**Information shown**:
- - -

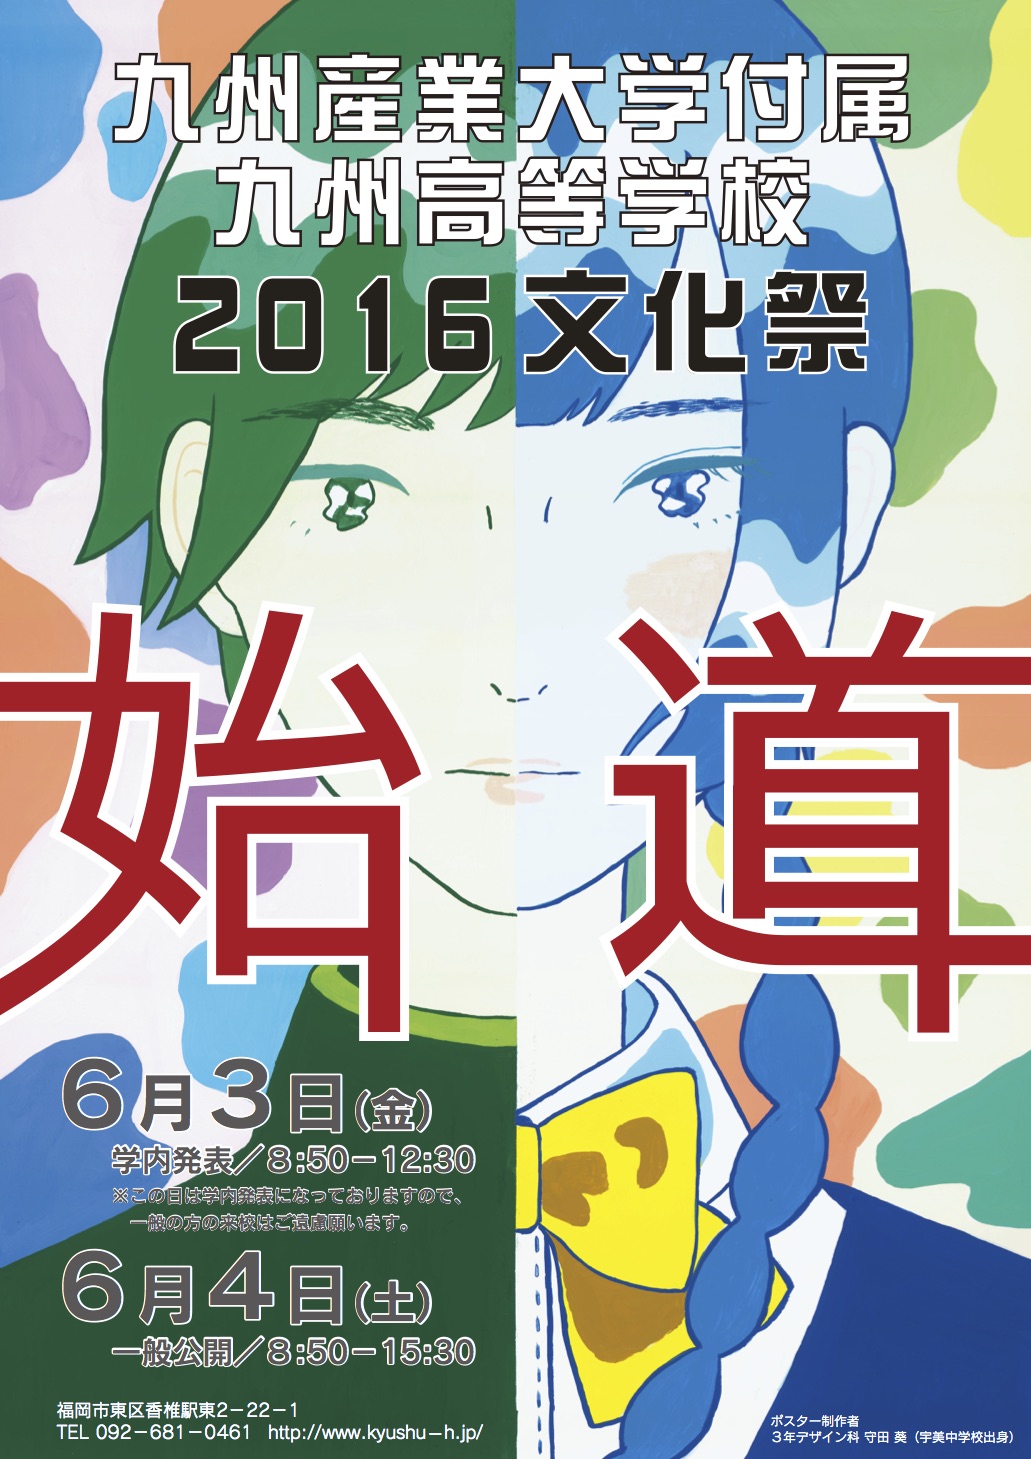 九州高等学校 造形芸術科サイト 平成28年度 文化祭ポスター
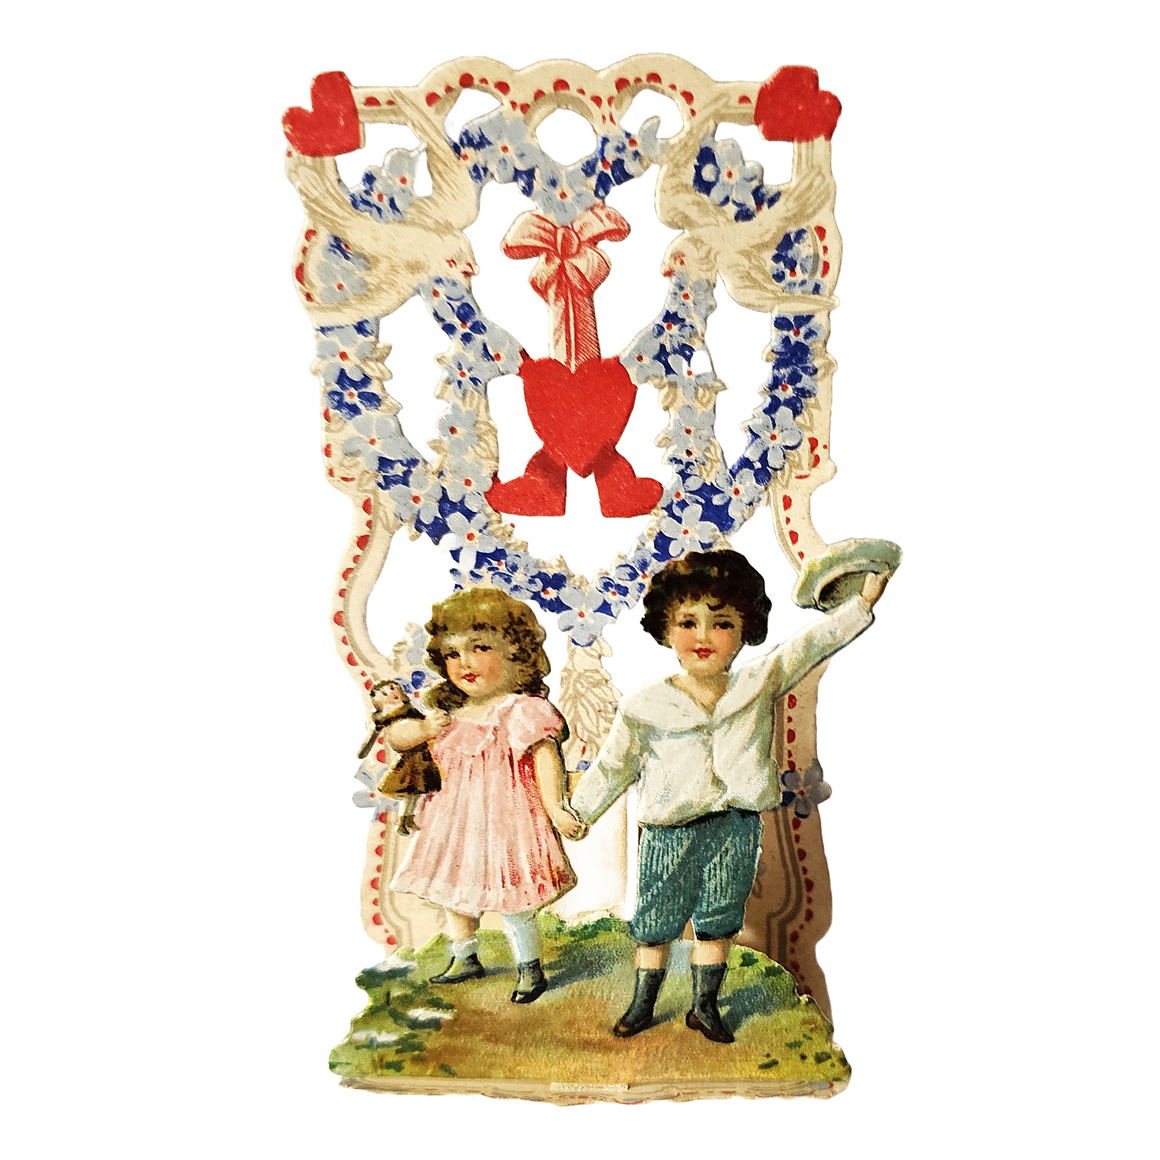 Antique Vintage German Die Cut Valentine Card 3D Stand Up Honeycomb Puff Children Holding Hands
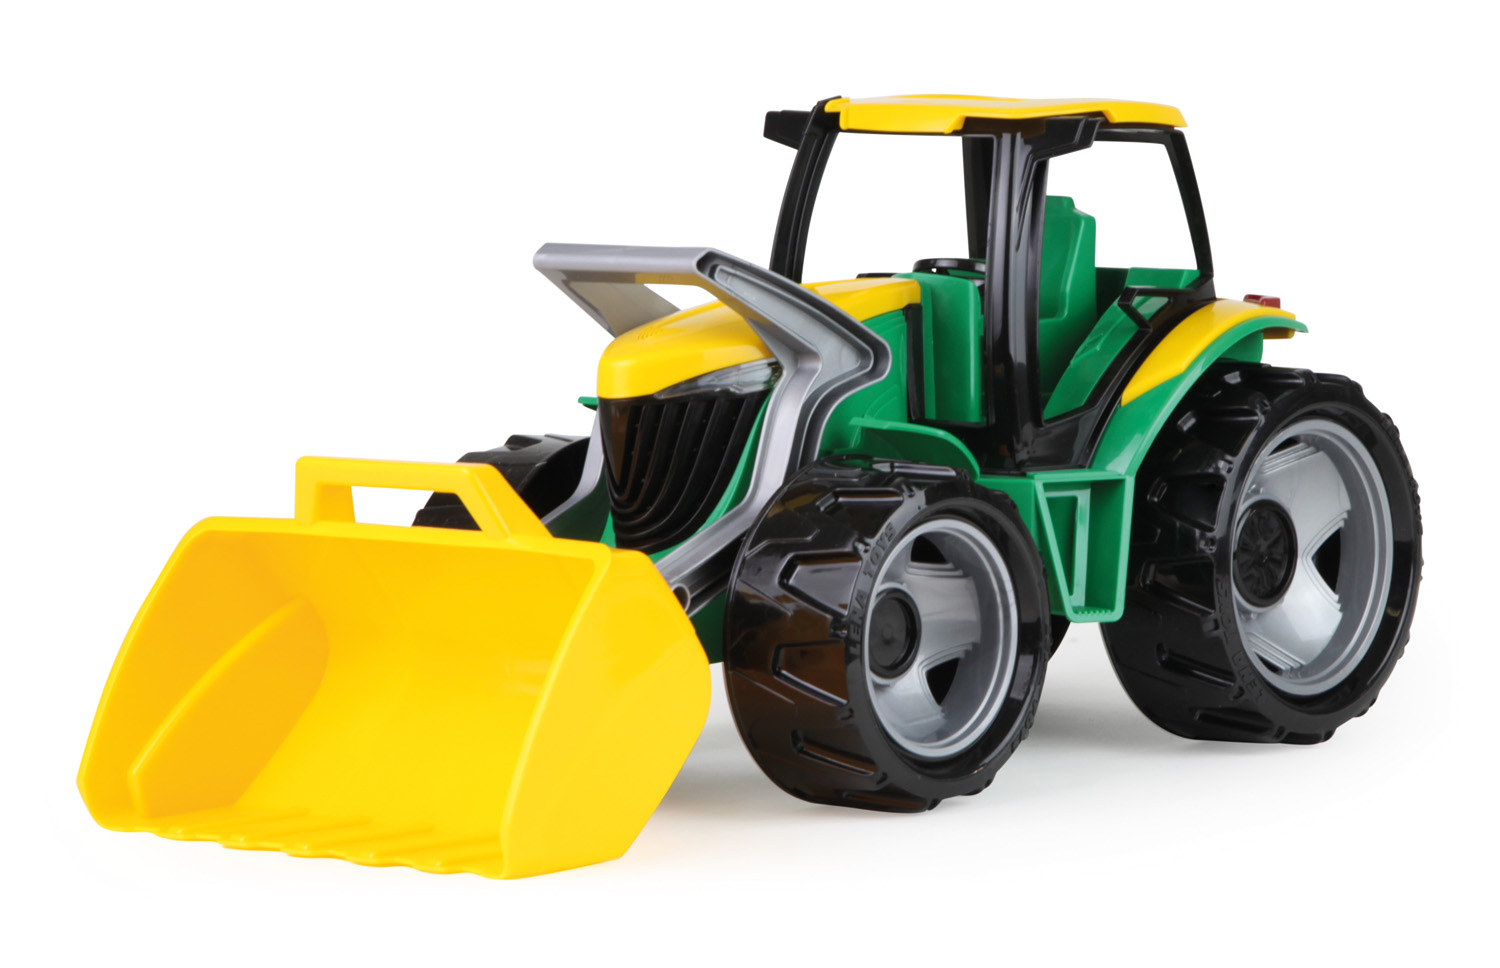 MAXI Traktor velký se lžící  nakladačem zelenožlutý 70 cm

- - -

**Problem to solve**: The lines to repeat run from the line containing "Antique Vintage German" through the last line of the material above; give them exactly, without the pictures.

**Task solution**:
 Antique Vintage German Die Cut Valentine Card 3D Stand Up Honeycomb Puff Children Holding Hands
 MAXI Traktor velký se lžící  nakladačem zelenožlutý 70 cm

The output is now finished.